Remppis A, Scheffold T, Greten J, Haass M, Greten T, Kübler W, Katus H A
University of Heidelberg, Germany.
J Mol Cell Cardiol. 1995 Feb;27(2):793-803. doi: 10.1016/0022-2828(95)90086-1.
The marked differences in troponin T serum concentrations observed in patients with reperfused and non-reperfused myocardial infarction may be due to a perfusion dependent wash-out of an unbound fraction of cardiac troponin T. To test the release kinetics of troponin T experimentally, the isolated rat heart (Langendorff preparation) was damaged either by the calcium paradox or by no-flow ischemia. Following membrane damage by the calcium paradox troponin T (TNT) showed the same release kinetics in the coronary effluent as the cytosolic markers creatine kinase (CK) or lactate dehydrogenase (LDH). Peak levels of troponin T (282 +/- 58 micrograms/l), CK (6754 +/- 1642 U/l), and LDH (5817 +/- 1730 U/l) occurred 5 min after onset of reperfusion with calcium containing buffers and returned to 9.9%, 1.3%, and 1% of their respective peak levels within 55 min of reperfusion. During reperfusion after no-flow ischemia different release kinetics were found for cytosolic enzymes and troponin T. After 60 min of ischemia, troponin T levels in the coronary effluent increased over the entire reperfusion period of 55 min, almost doubling the 5 min value (191%). In contrast, cardiac enzymes rapidly declined to 18% (CK) and 23% (LDH) of their respective 5 min values at the end of reperfusion. Light microscopy after reperfusion with carbon black revealed a complete and homogeneous reperfusion of Langendorff hearts after no-flow ischemia. Immunoblot analysis confirmed the release of an undegraded 39 kDa troponin T molecule, both after global ischemia and the calcium paradox. These data indicate that prolonged ischemia induces a continuous liberation of cardiac troponin T, most probably from disintegrating myofibres, whereas membrane damage leads almost exclusively to leakage of a functionally unbound troponin T pool. These findings may explain the biphasic serum concentration changes of cardiac troponin T in patients with reperfused myocardial infarction.

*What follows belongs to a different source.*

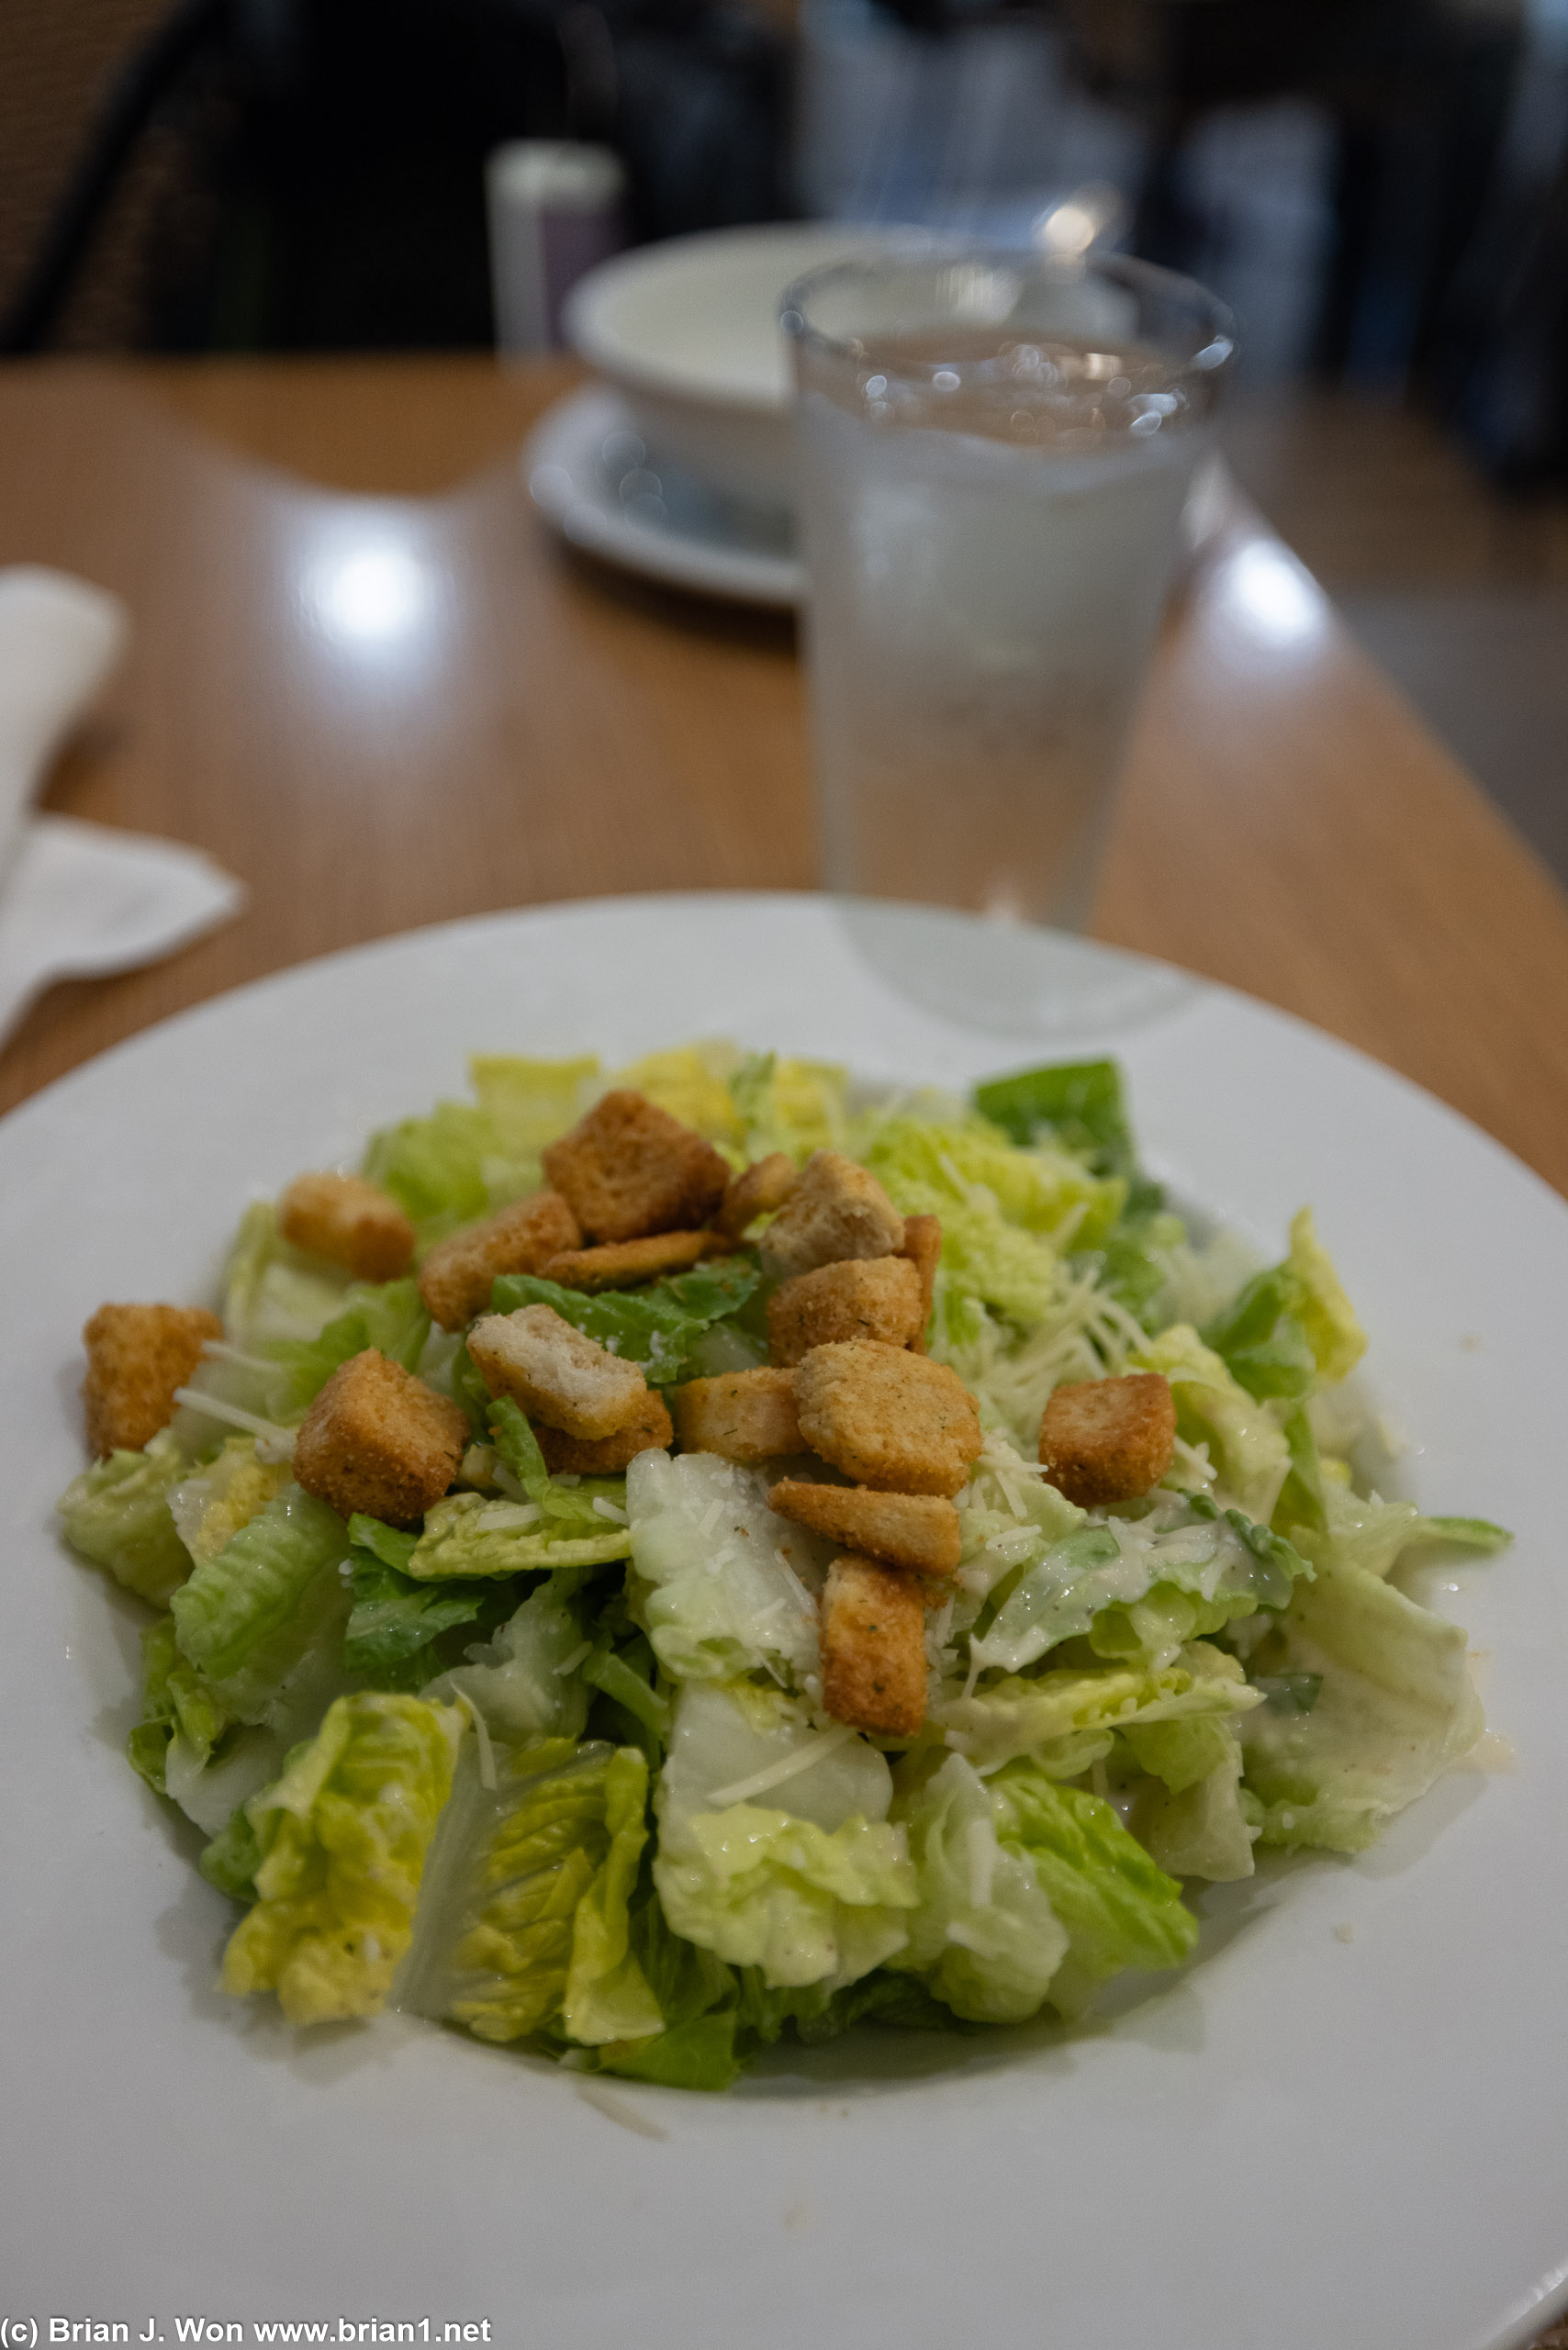 Caesar salad was likewise decent.

在再灌注和未再灌注的心肌梗死患者中观察到的肌钙蛋白T血清浓度的显著差异,可能是由于心脏肌钙蛋白T未结合部分的灌注依赖性清除。为了通过实验测试肌钙蛋白T的释放动力学,采用钙反常或无血流缺血损伤离体大鼠心脏(Langendorff制备)。在钙反常导致膜损伤后,肌钙蛋白T(TNT)在冠状动脉流出液中的释放动力学与胞质标志物肌酸激酶(CK)或乳酸脱氢酶(LDH)相同。用含钙缓冲液再灌注开始后5分钟,肌钙蛋白T(282±58微克/升)、CK(6754±1642单位/升)和LDH(5817±1730单位/升)达到峰值,并在再灌注55分钟内分别降至各自峰值水平的9.9%、1.3%和1%。在无血流缺血后的再灌注过程中,胞质酶和肌钙蛋白T的释放动力学不同。缺血60分钟后,冠状动脉流出液中的肌钙蛋白T水平在整个55分钟的再灌注期内持续升高,几乎使5分钟时的值增加一倍(191%)。相比之下,心脏酶在再灌注结束时迅速降至各自5分钟时值的18%(CK)和23%(LDH)。用炭黑再灌注后的光镜检查显示,无血流缺血后Langendorff心脏实现了完全且均匀的再灌注。免疫印迹分析证实,在全心缺血和钙反常后,均有未降解的39 kDa肌钙蛋白T分子释放。这些数据表明,长时间缺血会导致心脏肌钙蛋白T持续释放,很可能来自解体的肌纤维,而膜损伤几乎只会导致功能上未结合的肌钙蛋白T池泄漏。这些发现可能解释了再灌注心肌梗死患者心脏肌钙蛋白T血清浓度的双相变化。